(Worthy Satire) – In a new Gallup poll released just in time for the Fourth of July, only 36% of Democrats reported being “very proud” to be American—prompting nationwide shortages of reusable tote bags, NPR bumper stickers, and hand-woven guilt.
The remaining 64% were reportedly somewhat proud, existentially conflicted, or in one notable case, currently identifying as Canadian until after the election.
“We’re not un-American,” clarified Brooklyn resident Luna Thistle, sipping an oat milk cortado in front of her vintage typewriter. “We just think fireworks are colonialist, the flag is problematic, and freedom should come with a trigger warning.”

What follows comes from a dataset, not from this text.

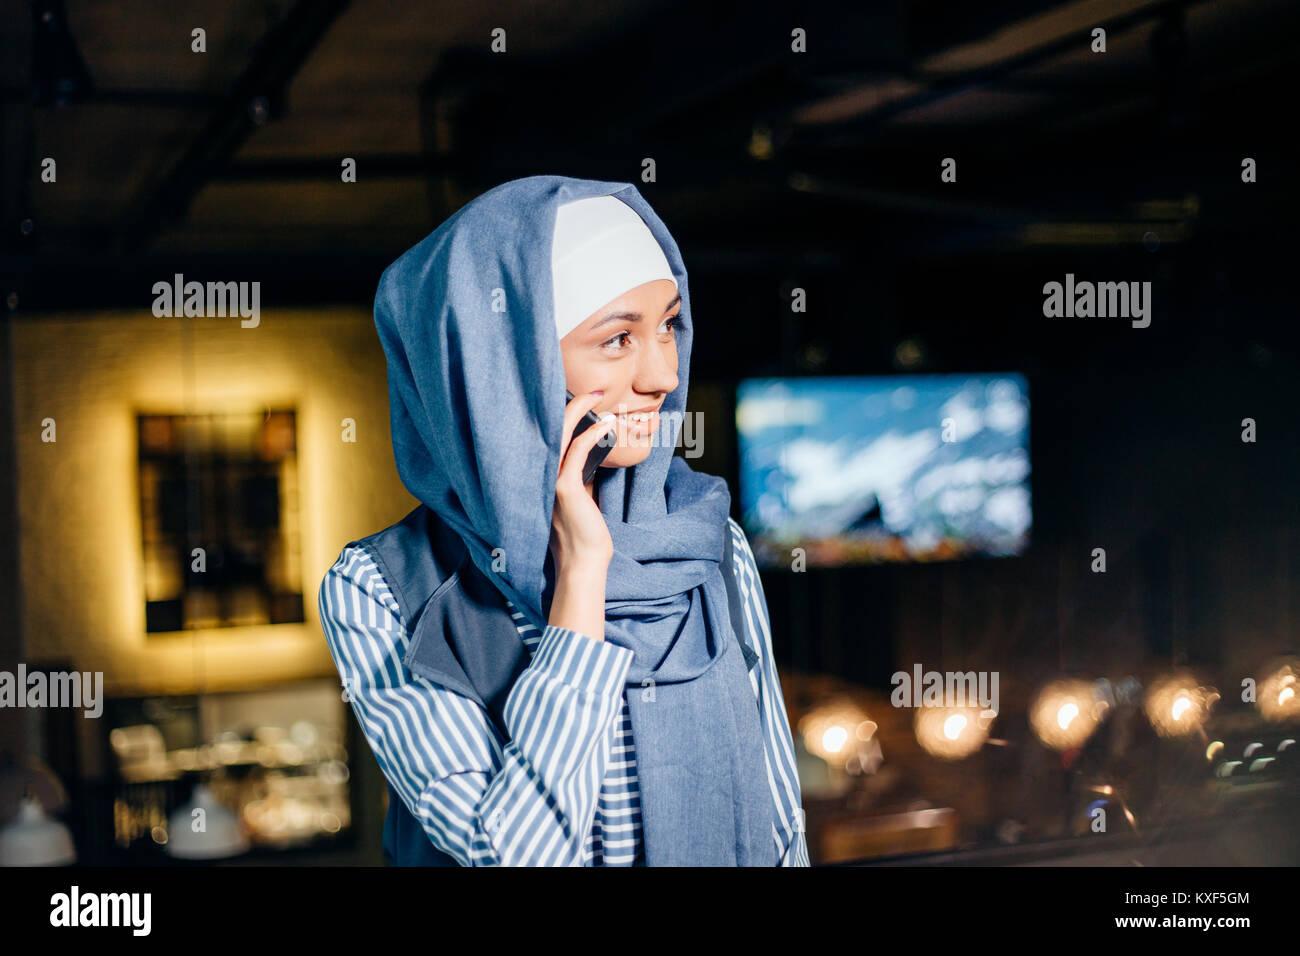 Muslim Woman On Break Using Mobile Phone In cafe - Stock Image

Meanwhile, Republicans are preparing to celebrate America’s birthday the old-fashioned way—with meat, explosions, and singing the Star Spangled Banner.

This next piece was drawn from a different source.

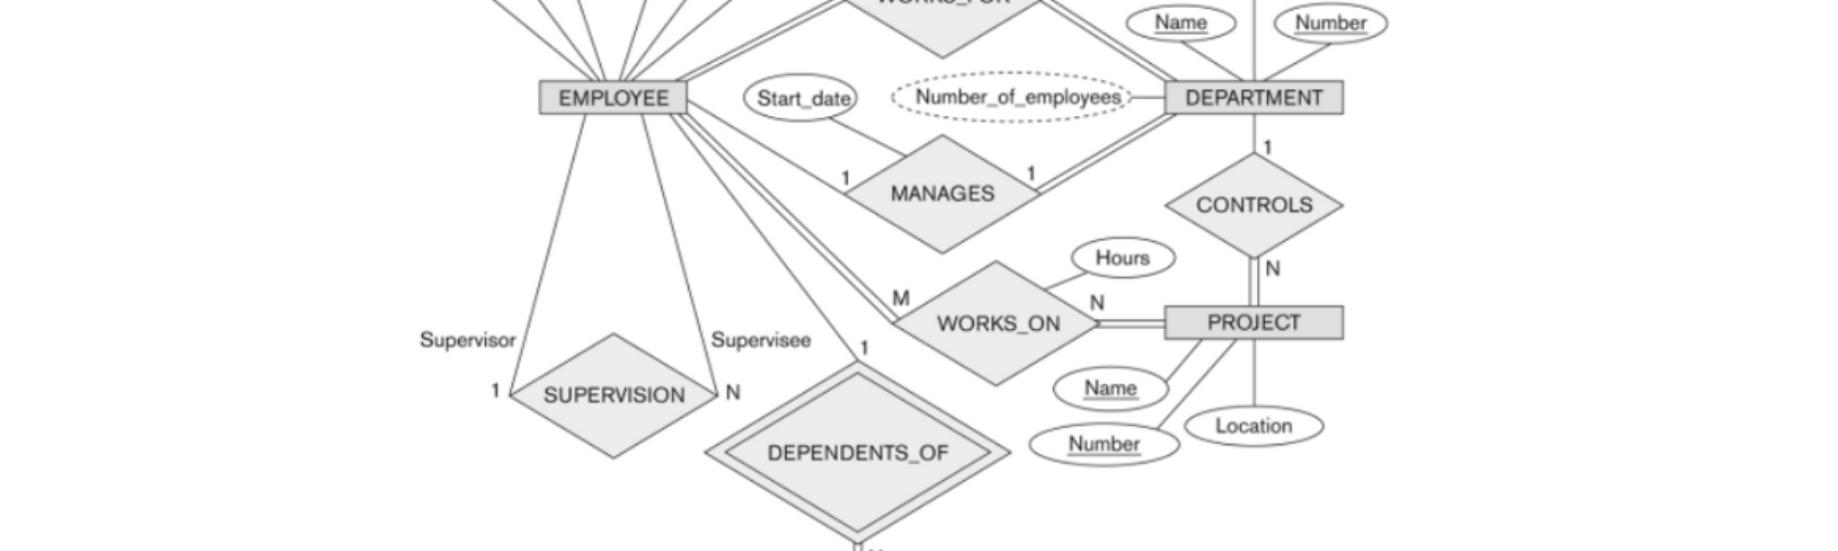 Database — Modeling : Entity Relationship Diagram (Erd) (Part 5) throughout Er Diagram Partial Key

“Nothing says liberty like lighting Chinese-made mortars while shouting ‘Let’s Go Brandon,’” said Chad Rawlins of rural Texas, whose grill is already on its third propane tank of the week.
Independents, for their part, were split between “very proud,” “mildly bewildered,” and “still waiting for Joe Rogan to weigh in.”
In California, state officials are expected to replace fireworks with mindfulness circles and low-emission sparklers, while New York has issued a PSA reminding citizens that barbecued meats are “potentially fascist.”
Still, some Democrats are planning to attend July 4th events—as long as they’re sustainably catered, feature at least one spoken-word poem about indigenous pain, and end with a diversity-focused drone light show.
As the nation prepares for Independence Day, Americans remain divided—not just by politics, but by whether it’s okay to eat a hot dog if the pig’s backstory hasn’t been ethically sourced.
One thing’s for sure: even if only 36% of Democrats are “very proud” to be American, 100% of them will still take the day off.